Academic mysteries seem not to have caught on, although some honorable authors have tried their hand—including Anthony Boucher (The Case of the Seven of Calvary, tracing way back to the ‘30s), Josephine Tey’s Miss Pym Disposes (1940s), American Sharyn McCrumb (Bimboes of the Death Sun and Zombies of the Gene Pool-1990s), and right on up to John Grisham, with The Summons in the early years of the 21st century.

But the only sustained academic series seems to be the Kate Fansler mysteries by Amanda Cross (a pen name for professor and feminist author Carolyn G. Heilbrun). Kate, professor of English, is featured in close to twenty adventures, and most of the murders are set on campus and involve academic colleagues, either as victim or perpetrator or both.

Libraries also offer a small world, although that world, like academia, has not been much explored as a setting for mysteries. You might make a case for the popular Aurora Teagarden books by Charlaine Harris. Aurora is a librarian and some scenes take place in her library. Otherwise, again, single titles come to mind: Sylvia Nash’s Benjamin’s Ghosts and Ellen Butler’s Poplar Place, not set in a library but with a lot of the action in one. As with academic settings, there seems to be no sustained series set in a library.

I don’t know if the conclusion means that those settings just don’t work with readers or that no one has given them a fair try. My Oak Grove Mysteries are academic—Susan Hogan is an associate professor of English at a university in a small, west Texas town. The first book, The Perfect Coed, takes place mostly but not entirely on campus; in Pigface and the Perfect Dog, the action moves ore to the town than the campus.

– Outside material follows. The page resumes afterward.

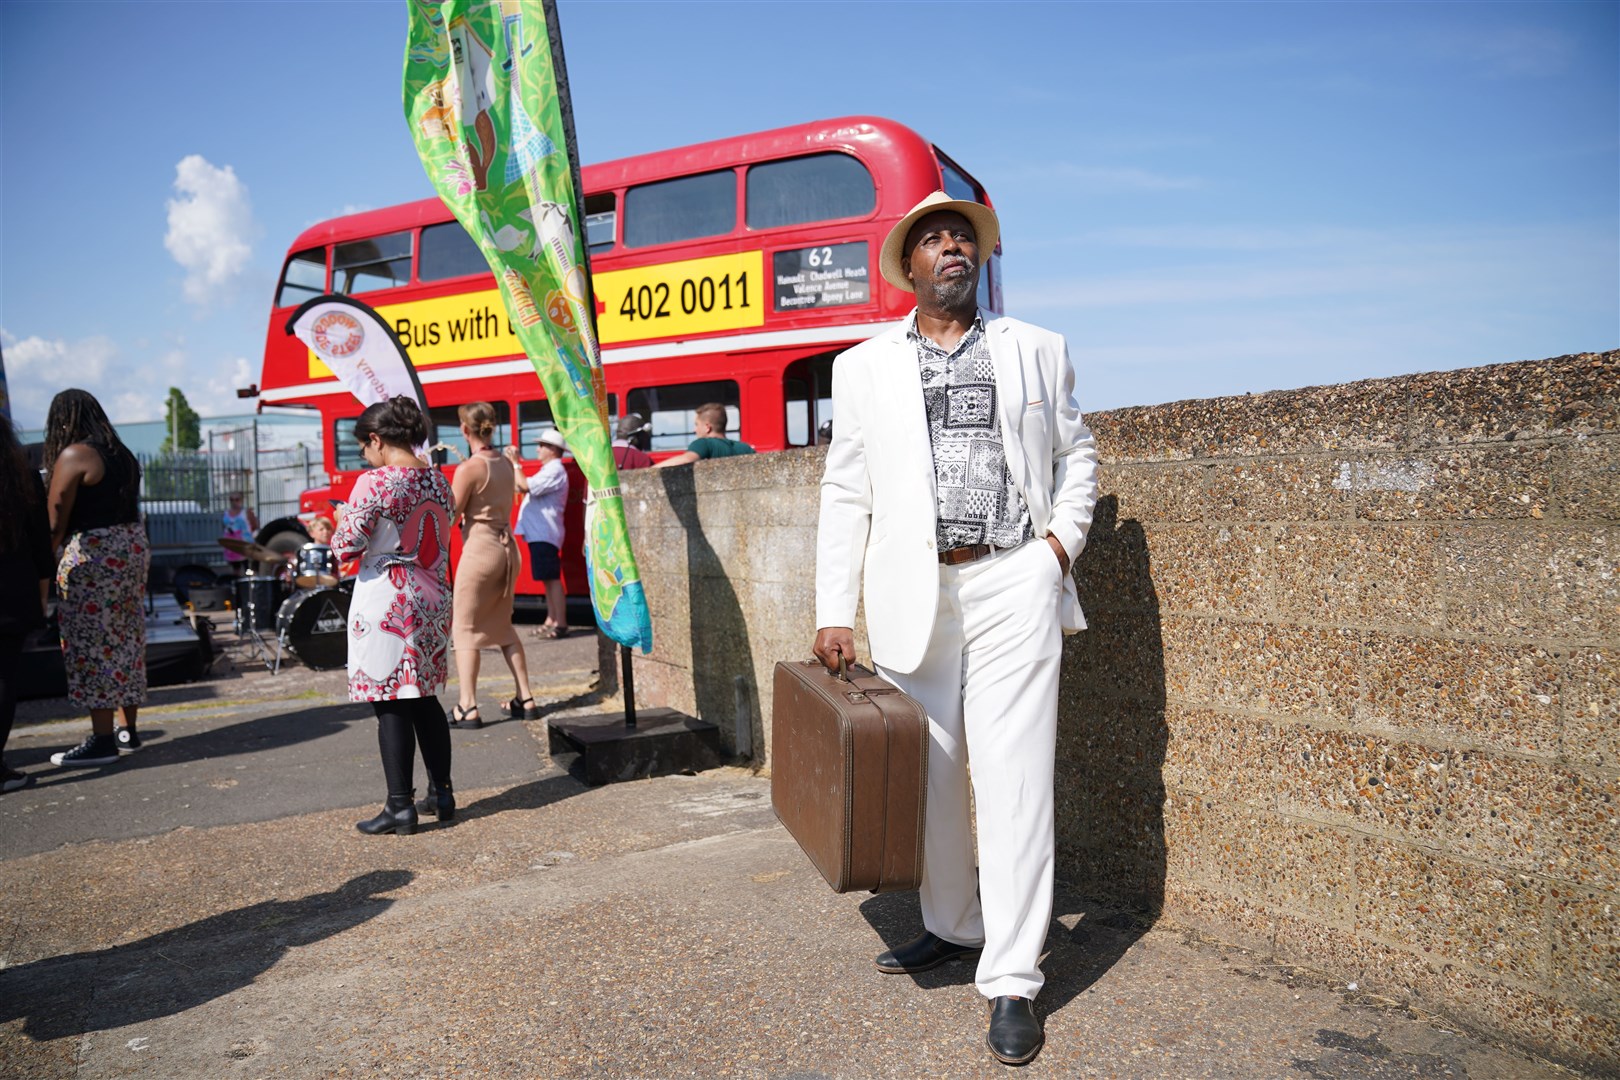 A man carries a single vintage suitcase to represent the journey many of the Windrush Generation made to answer the UK’s call for workers (Lucy North/PA)

Could it be that the world of libraries or college is too small to sustain a series? An author quickly runs into the Cabot Cove syndrome, where it stretches credibility that so many murders occur in such a small population. The small town offers more diversity that a library or a college campus, yet not the unmanageable crowds of the big city.

About the Author

Judy Alter is the author of six books in the Kelly O’Connell Mysteries, two books in the Blue Plate Café Mysteries; and two in the Oak Grove Mysteries. Pigface and the Perfect Dog follows The Perfect Coed in this series of mysteries set on a university campus. Judy is no stranger to college campuses. She attended the University of Chicago, Truman State University in Missouri, and Texas Christian University, where she earned a Ph.D. and taught English. For twenty years, she was director of TCU Press, the book publishing program of the university. The author of many books for both children and adults primarily on women of the American West, she retired in 2010 and turned her attention to writing contemporary cozy mysteries.

She holds awards from the Western Writers of America, the National Cowboy Museum and Hall of Fame, and the Texas Institute of Letters. She was inducted into the Texas Literary Hall of Fame and recognized as an Outstanding Woman of Fort Worth and a woman who has left her mark on Texas. Western Writers of America gave her the Owen Wister Award for Lifetime Achievement and will induct her into its Hall of Fame in June 2015.

The single parent of four and the grandmother of seven, she lives in Fort Worth, Texas, with her perfect dog, Sophie.